流星はトータルで1時間もない演目なので、舞踊ですが退屈する暇もなく、鮮やかな面の変わり方や手さばき足さばきに釘づけになりますし、織姫と彦星は中盤から微動だにしないのでかわいい衣装を舐めるように観察できるし、ラストは笑えてほっこり。素敵な舞踊でした!

荒川の佐吉

あらすじ

元大工の佐吉は、今はやくざの下っ端で雑用ばかり。大工時代の弟分・辰五郎は、そんな佐吉を兄貴と慕っています。そんなある日、成川という浪人が、佐吉の親分を斬りつけて、縄張りを奪ってしまう事件が起きます。一家は解散。それでも佐吉が親分に仕え続けていたところ、親分が盲目の赤ん坊を連れてきました。親分の長女が、日本橋のいいとこのお嫁に行って産んだ子だったのですが、障害を持った赤ん坊に対する世間体を考えた向こうの家から母子ともども離縁を迫られていたのです。それで、親分は養育費をもらって、赤ん坊だけ引き取ってきたというわけ。親分は、まだ親分のもとにいる次女と佐吉の2人でこの赤ん坊を育ててくれと頼むのですが、次女は「下っ端の嫁になんかなってたまるか、養育費に目が眩みやがったなクソ親父!」と吐き捨てて家を出て行ってしまいます(そりゃそうだ)。ムシャクシャした親分は、憂さ晴らしにイカサマ賭博に手を染めて、そのまま殺されてしまいました。
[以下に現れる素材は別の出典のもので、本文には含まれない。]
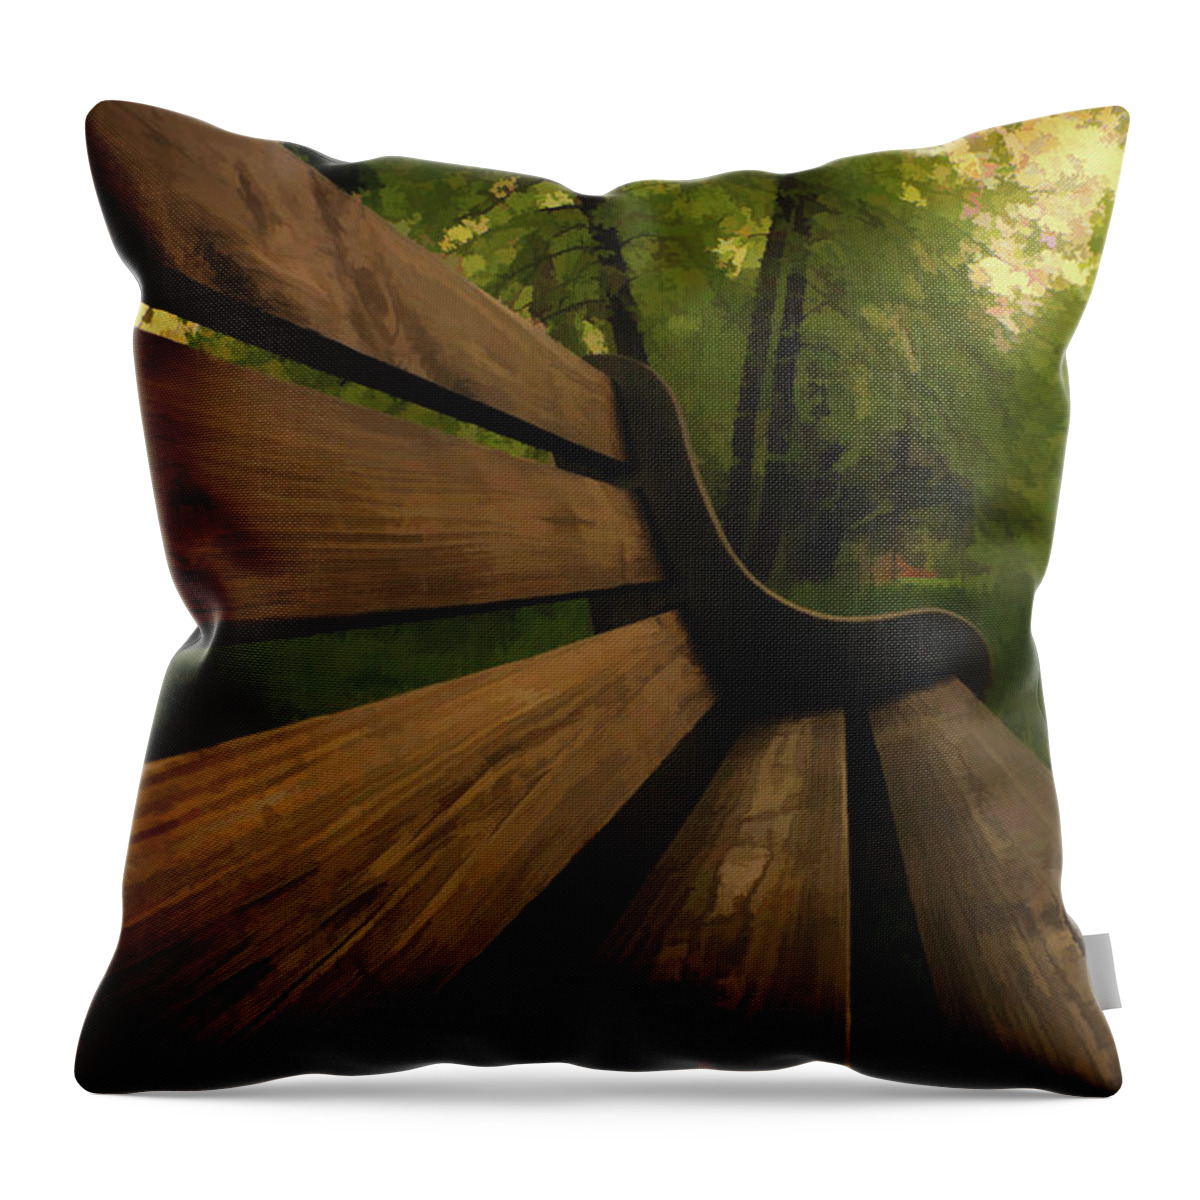 Bench Throw Pillow featuring the digital art Park Bench by Jason Fink

佐吉は、盲目の卯之吉と2人きりです。

その後、佐吉は辰五郎の家に居候という形で、卯之吉を育てていました。卯之吉はとてもお利口。辰五郎もいいヤツで、一緒になって卯之吉をかわいがってくれています。さてこれから卯之吉をどうしようと考えていた矢先、卯之吉の本当の親が今更「子供を返してほしい」と言ってきたのです。盲目だからって子供を捨てようとした家に返すわけねーだろ!とキレた佐吉、無理やり卯之吉を奪いに来た野郎どもに向かっていくうち、戦いに目覚めます。その勢いのまま、親分の仇・成川を殺します。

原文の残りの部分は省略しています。